Based on the modified interface reaction contribution term, the modified total reaction rate equation is simplified to obtain a simplified total reaction rate equation.

7. The method according to claim 1, characterized in that establishing the diffusion control equation of the energetic material on the impact target comprises:

Based on Fick's second law, the diffusion control equation of energetic materials on the target is established.

8. The method according to claim 1, characterized in that the energetic material is a Zr-based amorphous alloy energetic material.
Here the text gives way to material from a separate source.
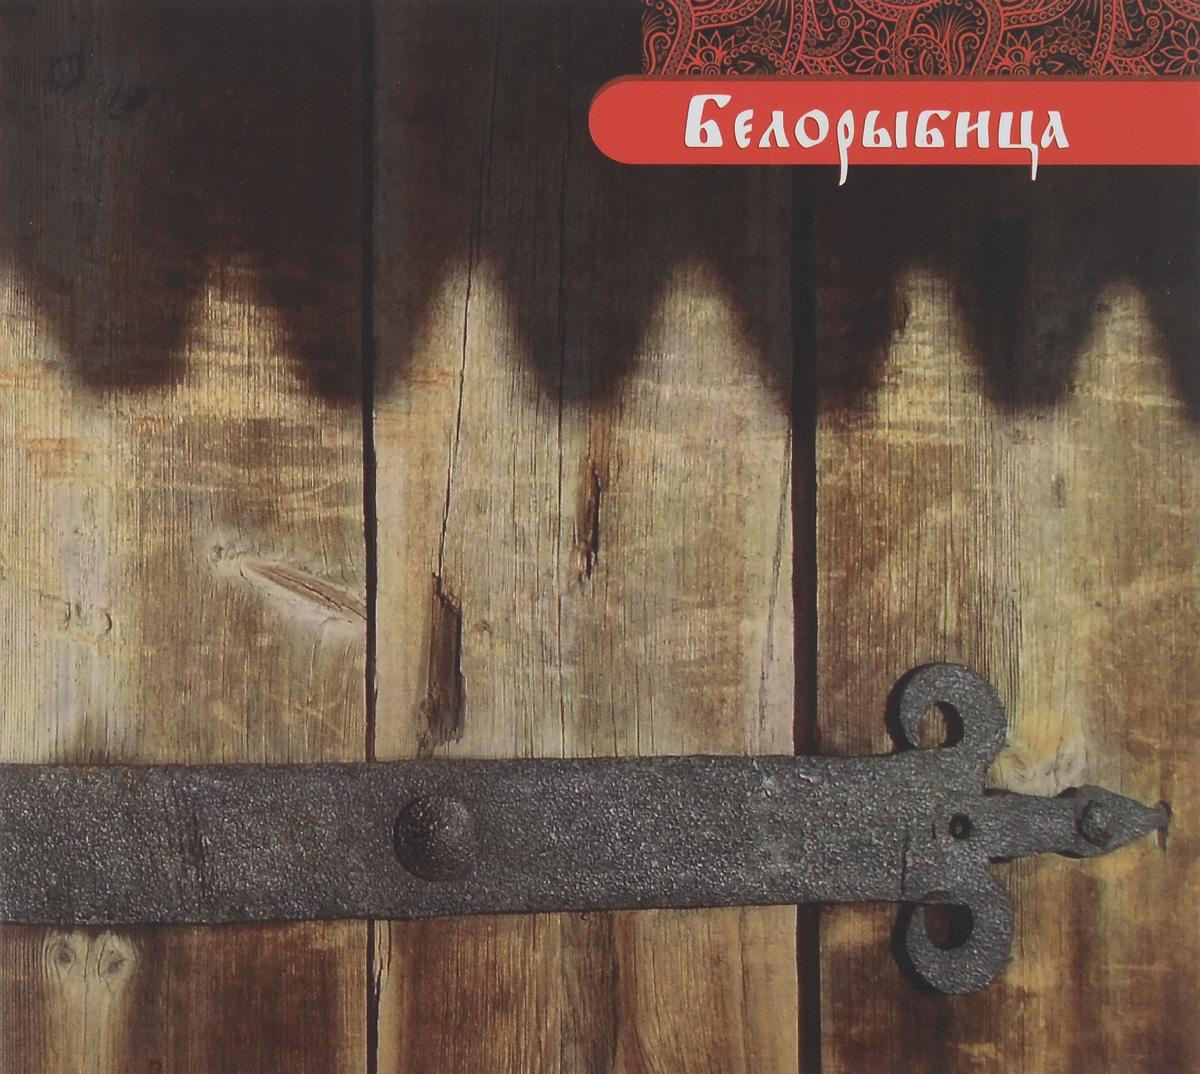 К изданию прилагается 8-страничный буклет с дополнительной информацией и текстами песен на русском языке.

9. A relaxation time analysis system for impact energy release of energetic materials, characterized in that the system is used to execute the method according to any one of claims 1 to 8, and the system comprises a diffusion simulation module, a program construction module and an analysis and solution module;

The diffusion simulation module is used to establish a diffusion control equation of the energetic material on the impact target, wherein the energetic material contacts the impact target under the impact load and generates an interface reaction and atomic diffusion, and generates a reaction product layer;

The program construction module is used to obtain an atomic diffusion contribution term for characterizing the atomic diffusion rate according to the diffusion control equation and the reaction product layer; and to obtain an interface reaction contribution term for characterizing the interface reaction rate according to the standard Avrami equation;

The analysis and solution module is used to analyze the reaction degree of the energetic material through the atomic diffusion contribution term and the interface reaction contribution term, so as to solve the relaxation time of the impact energy release of the energetic material.

10. An electronic device comprising a memory and a processor, wherein a computer program is stored in the memory, and the processor is configured to run the computer program to execute the method according to any one of claims 1 to 8.